Грунт приготовил так: в жидко разведенный клей (клей он купил мездровый, пластичный) всыпал сухих белил цинковых, влил олифы и все это хорошенько взбил кистью. Такой грунт неломкий, и краска на нем блестит.
«Насчет трафаретов – не ленись, – наставлял его маляр-живописец. – Если сумеешь для неба трафарет вырезать, это и будет самое то. А прописывать, Васька, надобно кистью легкой, в одно касание, не дыша».

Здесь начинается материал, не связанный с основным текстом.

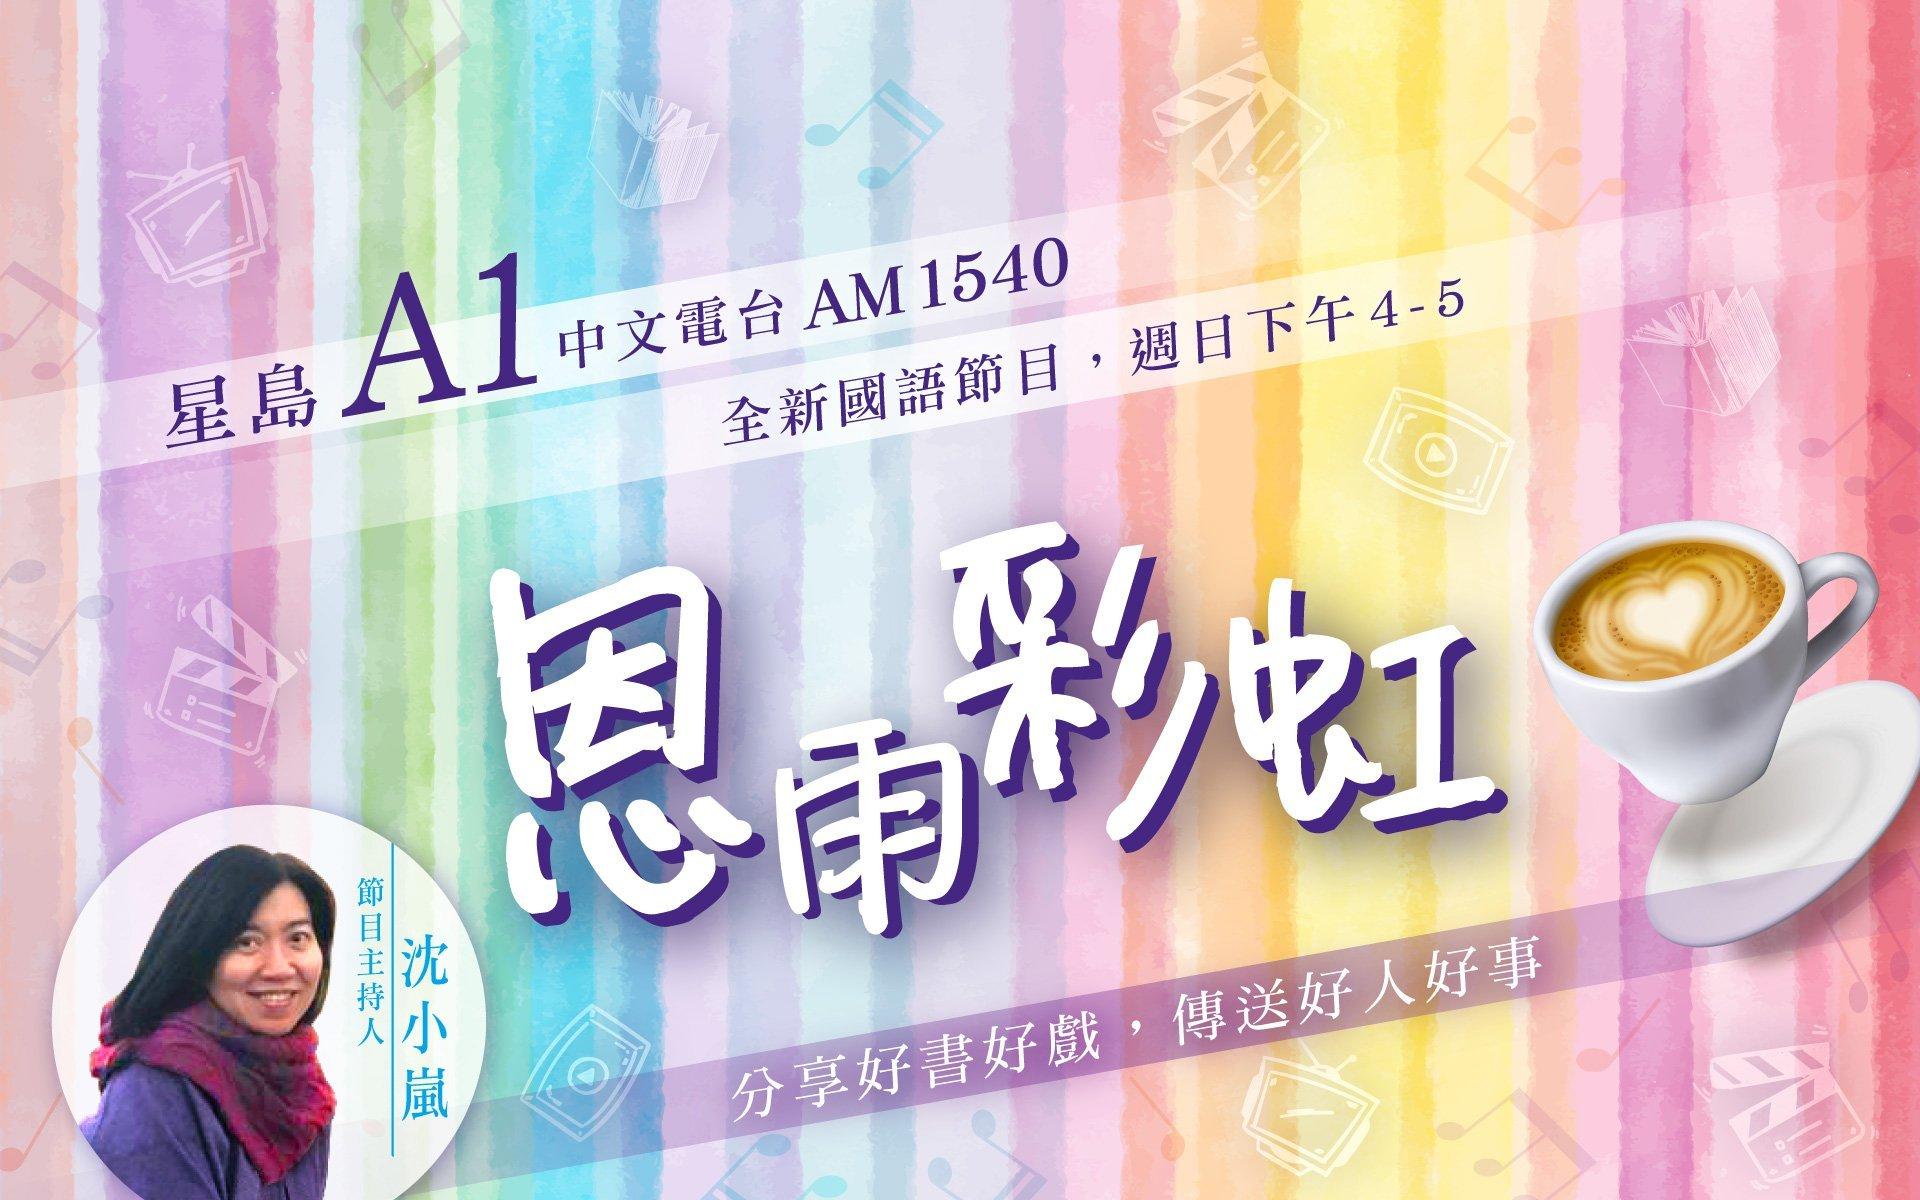 星島A1中文電台 全新國語節目﹕恩雨彩虹

На следующий день Васька набрал художественных масляных красок в тюбиках и в банках в магазине под «Титаном», рельефной пасты, бронзового порошка, льняного масла и лаку.
Трафареты он резал три дня. Упростил и обобщил форму. Фигуры сдвинул плотнее.
В масло Васька добавил лаку, чтобы краска быстрее высыхала.
«Приступай! – скомандовал ему голос Афанасия Никаноровича. – Все пиши теплом. Оружие и доспехи – холодом».
Васька все писал теплыми тонами, даже небо, потому холодная голубизна доспехов оказалась такой сияющей. Меч был остер. Шеломы строги.
Когда краска подсохла, Васька прописал фигуры и лица, гривы и хвосты, а также траву. Положил подрамники на пол, накапал разноцветных кругляшков по одежде и на оружии. Очертил орнамент рельефной пастой и припорошил бронзовым порошком. Лишний порошок сдул.
Отягчали богатырей и коней богатырских богатство оружия и роскошь одежд: жемчуга, алмазы, изумруды.
«А что, Васька, гуд», – одобрил его работу голос Афанасия Никаноровича.
Ваське самому нравилось. Это были ковры. Не копии с васнецовской картины, но ковры.
– Елки-палки! – сказал он гордо и услышал из-за спины:
– Вася, а зачем же ты над Афоней-то измываешься? Что он тебе плохого-то сделал, кроме хорошего? – За его спиной стояла Анастасия Ивановна и горестно жевала губу.
Васька, оторопев, даже рта раскрыть не успел – Анастасия Ивановна ткнула пальцем в Добрыню.
– Это же ты Афоню нарисовал с бородой.
И точно, Добрыня Никитич был основательно похож на отставного кочегара дальнего плавания, маляра-живописца Афанасия Никаноровича.
– Кого же рисовать тогда? Он мой учитель, я его помнить должен.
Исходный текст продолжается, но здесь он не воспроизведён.